Rien de très original en somme. On préfère avoir sous les yeux les fesses bombées d’Ottey que le cul de Marie-Christine Boutin. On se rappelle même s’être masturbé devant un match d’Hingis du temps de sa splendeur de petite peste bien foutue. La vraie question est plutôt : est-ce que Hingis m’exciterait autant si je la croisais dans la rue ou est-ce que, la posture sportive crée une plus-value érotique ? À priori l’inverse semble plus viable. Je préfère Hingis en culotte alanguie sur un lit que grimaçant pour réaliser un coup droit lifté, même en jupette. Même lorsqu’il vise la grâce (gym au sol, plongeon, etc), le sport balise une zone neutre de la vie érotique, où le corps n’est plus que muscles, puissance, forme, lignes. D’où qu’une fille soit particulièrement érotique lorsqu’elle loupe, lorsque son corps ne coïncide pas avec sa perfection glaçante. Au foot rien de plus bandant qu’un gros pointard de fille, au foot, rien de plus bandant. À ce moment, la vibration érotique d’un corps, par ailleurs recouverte par la beauté du geste, se rappelle à l’observateur.

Cependant la désérotisation induite par la perfection sportive peut provoquer, en son creux, une excitation particulière. Quelque chose qui aurait avoir avec l’air de pas y toucher. Une basketteuse évacue l’existence de son vagin au moment où elle joue, mais alors le sentiment que le vagin persiste, bien que nié, qui provoque une déflagration érotique assez proche de celle qui naît de la manifestation du désirable par sa dissimulation. La façon qu’avait Hingis de ne pas penser à ses petits seins qui ballotaient faisait qu’on ne voyait qu’eux, qu’on ne les voyait jamais aussi bien qu’à ce moment –plaisir en somme de les regarder presque à son insu. Sans compter que cette façon d’être complètement requise par le match excitait bien sûr en moi le mâle soucieux d’attirer l’attention sur lui. Or Martina ne répondit à aucune de mes lettres, cette petite pute.

SAUVER STÉPHANIE

En quatrième je me pique d’être bon au basket. Je ne le pratique pas en club, raison de plus pour m’investir à fond dans les matchs de dix minutes du cours d’EPS. Hélas les équipes sont formées par le prof, selon un savant et péniblement égalitaire dosage bons-mauvais, dominants-dominés. Dans chacune figurent un mec pale et malingre qu’en 84 on ne nomme pas encore nerd et une fille boulet. Moi dans l’équipe dont je me bombarde capitaine -foulards jaunes-, j’ai à me coltiner Stéphanie Demoureaux.
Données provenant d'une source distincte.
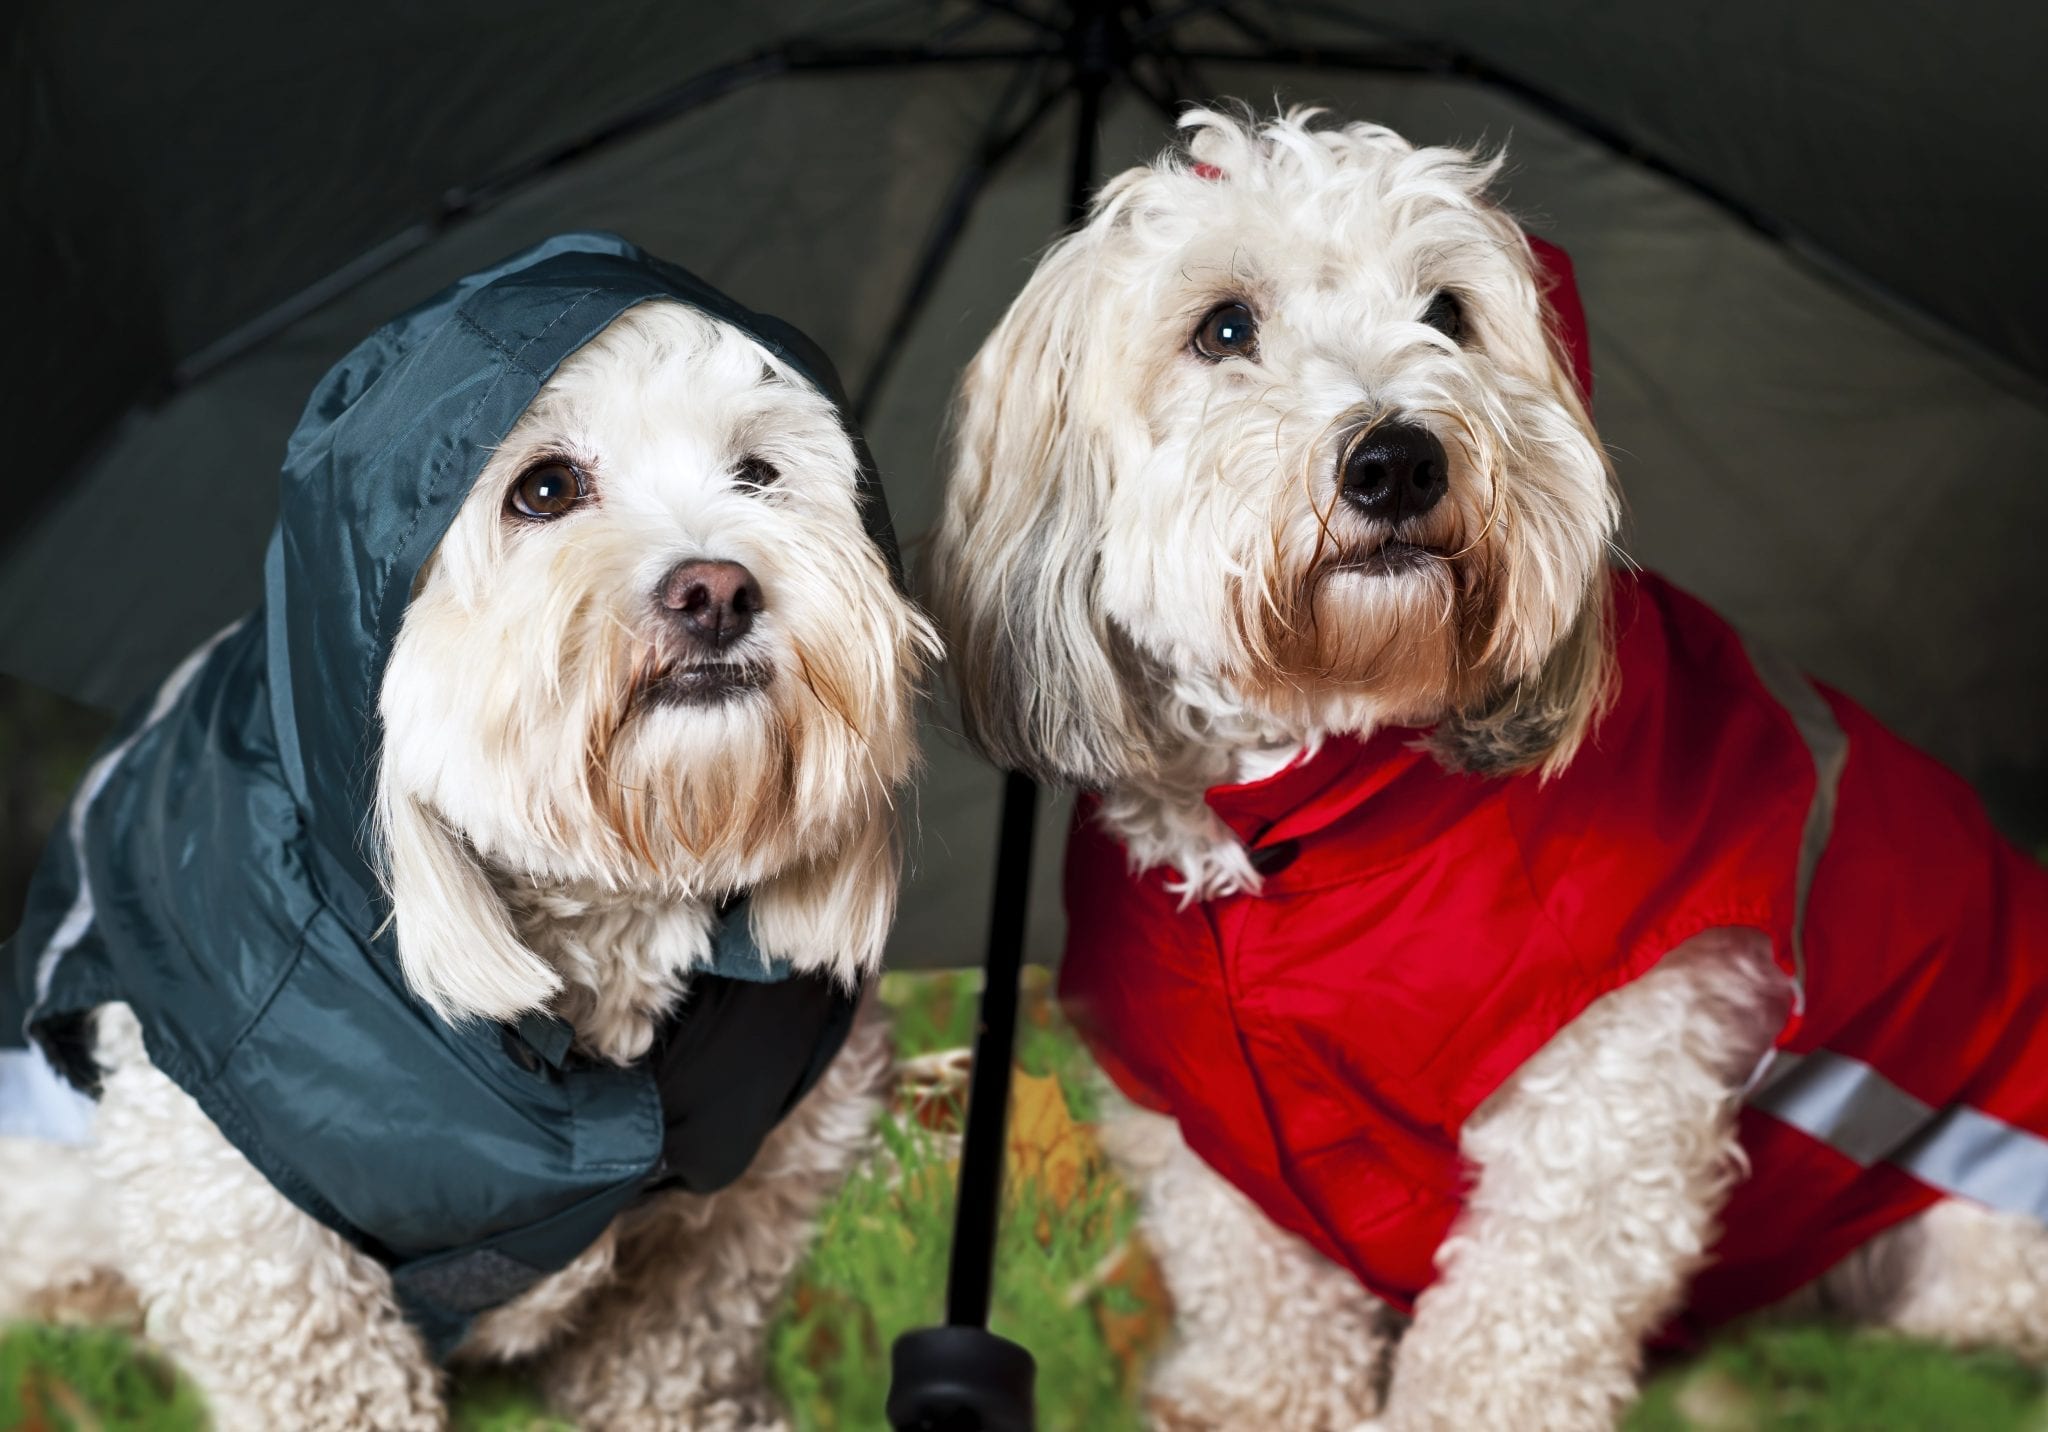 21 Fun Ways To Keep Your Dog Busy Indoors on a Rainy Day - Puppy In Training

Stéphanie Demoureaux est une bourge blonde avec un tout petit corps très pratique pour la prendre dans tous les sens en masturbation mais pas pratique du tout pour le basket. Une subtile tactique s’impose si on ne veut pas compromettre nos chances de victoire : ne jamais passer le ballon à Demoureaux. Juste construire les actions avec Sébastien Croix qui joue en club et Rodolphe Olliéric de niveau passable. Demoureaux on lui demandera juste de se planter à un angle de la raquette en défense histoire de boucher un trou.

Deux minutes par match je me retrouve sur le banc, comme l’impose le système de remplacement vu qu’on est six pour cinq places. Là, irritation. Ca m’emmerde de ne plus jouer ; notre niveau de jeu va s’en ressentir. Depuis la touche mes yeux ne lâchent pas la menue silhouette de Stéphanie perdue au milieu d’une nuée de bras tendus désordonnées. Si elle n’existait pas je serais sur le terrain. Je lui en veux. Et pourtant une compassion me gagne. Un subit scrupule, un furtif moment d’élévation morale pendant lequel m’apparaît l’indignité de la laisser courir derrière un ballon qu’on ne lui donne jamais, ou se positionner bien sagement sur l’aile en attaque pour réceptionner une passe qu’on ne lui fera pas et que de toute façon elle annihilerait en se protégeant du gros ballon orange qui pourrait défoncer sa petite tête de jolie bourge.

Est-ce que j’essaie de la faire jouer davantage une fois revenu sur le lino vert bouteille du terrain ? Peut-être. Une ou deux passes super douces. Et puis retour à la normale, à la norme masculine. Les enjeux urgents de la grande compétition en cours l’exigent.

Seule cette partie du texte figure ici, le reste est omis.